VOCAL TONE PRECISION DETECTION USING HARMONIC PRODUCT SPECTRUM (HPS) AND K-NEAREST NEIGHBOR (KNN) CLASSIFICATION
on
p-ISSN: 2301-5373
e-ISSN: 2654-5101
Jurnal Elektronik Ilmu Komputer Udayana
Volume 10, No 3. February 2022
Vocal Tone Precision Detection Using Harmonic Product Spectrum And K-Nearest Neighbor Classification
Made Sri Ayu Apsaria1, I Made Widiarthaa2, Made Agung Raharjaa3, I Gede Santi Astawaa4, I Gede Arta Wibawaa5, Ida Bagus Made Mahendraa6
aInformatics Department, Faculty of Mathematics and Natural Sciences, University of Udayana South Kuta, Badung, Bali, Indonesia
1ayuapsaarii25@gmail.com 2madewidiartha@unud.ac.id 3made.agung@unud.ac.id 4santi.astawa@unud.ac.id 5gede.arta@unud.ac.id 6ibm.mahendra@unud.ac.id
Abstract
The progress of the digital era that is happening today, encourages rapid development in technology and science, one of which is in the field of art. Of all performing arts, the art of singing is the most complex, which requires a lot of preparation and practice. Everyone has a different type of voice. Males generally have three types of voice, namely bass, baritone, and tenor, while women generally have three types of voice, namely contralto (alto), mezzosoprano, and soprano. However, not everyone knows what kind of voice they have. Therefore, this study will focus on classifying the human voice. In this study, the author uses the Harmonic Product Spectrum (HPS) and K-Nearest Neighbor (K-NN) algorithms. The data used is in the form of primary voice recording data obtained from 258 participants (male and female), where each person has 8 sound files, namely do, re, mi, fa, sol, la, si, and do'. saved in .wav format. From the research conducted, the test was carried out using the K-NN and K-NN methods with Hyperparameters. The results obtained in the form of accuracy of 74% and 81%, so that the Harmonic Product Spectrum (HPS) and K-Nearest Neighbor (K-NN) algorithms give good results for determining the type of human voice.
Keywords : Harmonic Product Spectrum, K-Nearest Neighbor, vocal tone detection, vocal type classification, vocal range.
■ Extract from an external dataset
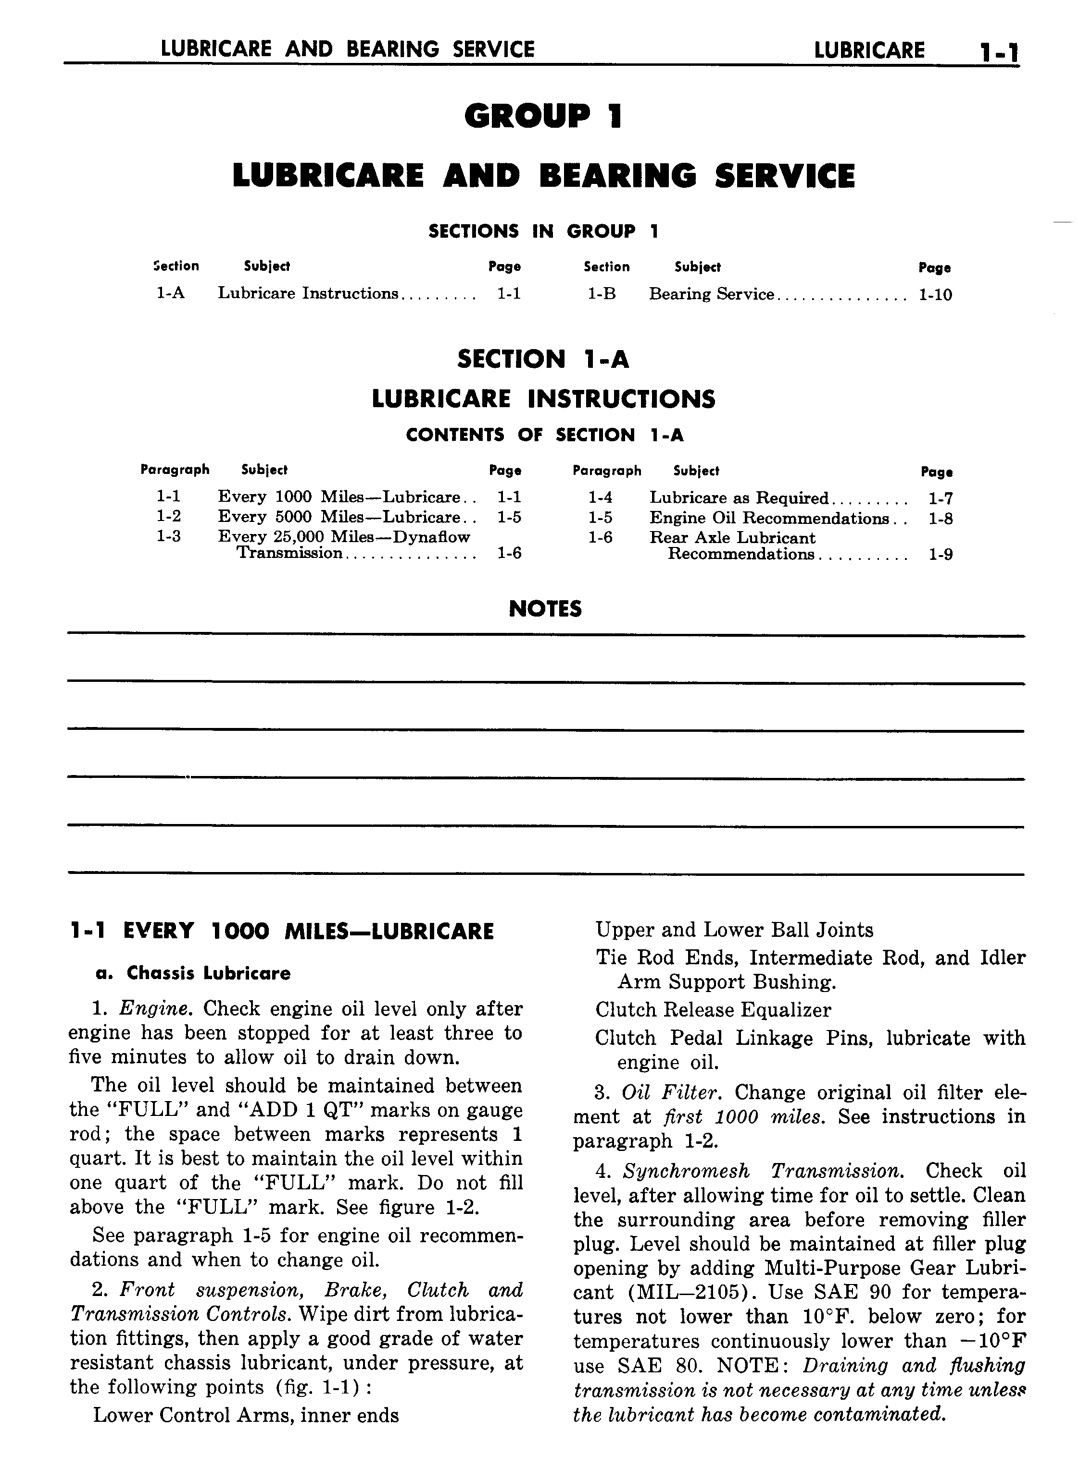 n_02 1957 Buick Shop Manual - Lubricare-001-001.jpg

The progress of the digital era that is happening today, encourages rapid development of technology and science. Technological developments have changed various aspects of human life such as social, health, economic, and arts and culture aspects. Aspects of art and culture are changing quite rapidly due to technological developments, especially in the field of music. Music is a beautiful sound that can be heard. Sounds in music can be sourced from tools that are able to make sounds and are sourced from humans[11]
At first music could only be heard directly when the music was played, but with advances in technology, music can be heard at any time with the help of recordings. The emergence of various songs that match the interests of the community makes people creative by singing back songs that are on the rise using their own characteristics but still maintaining the originality of the song.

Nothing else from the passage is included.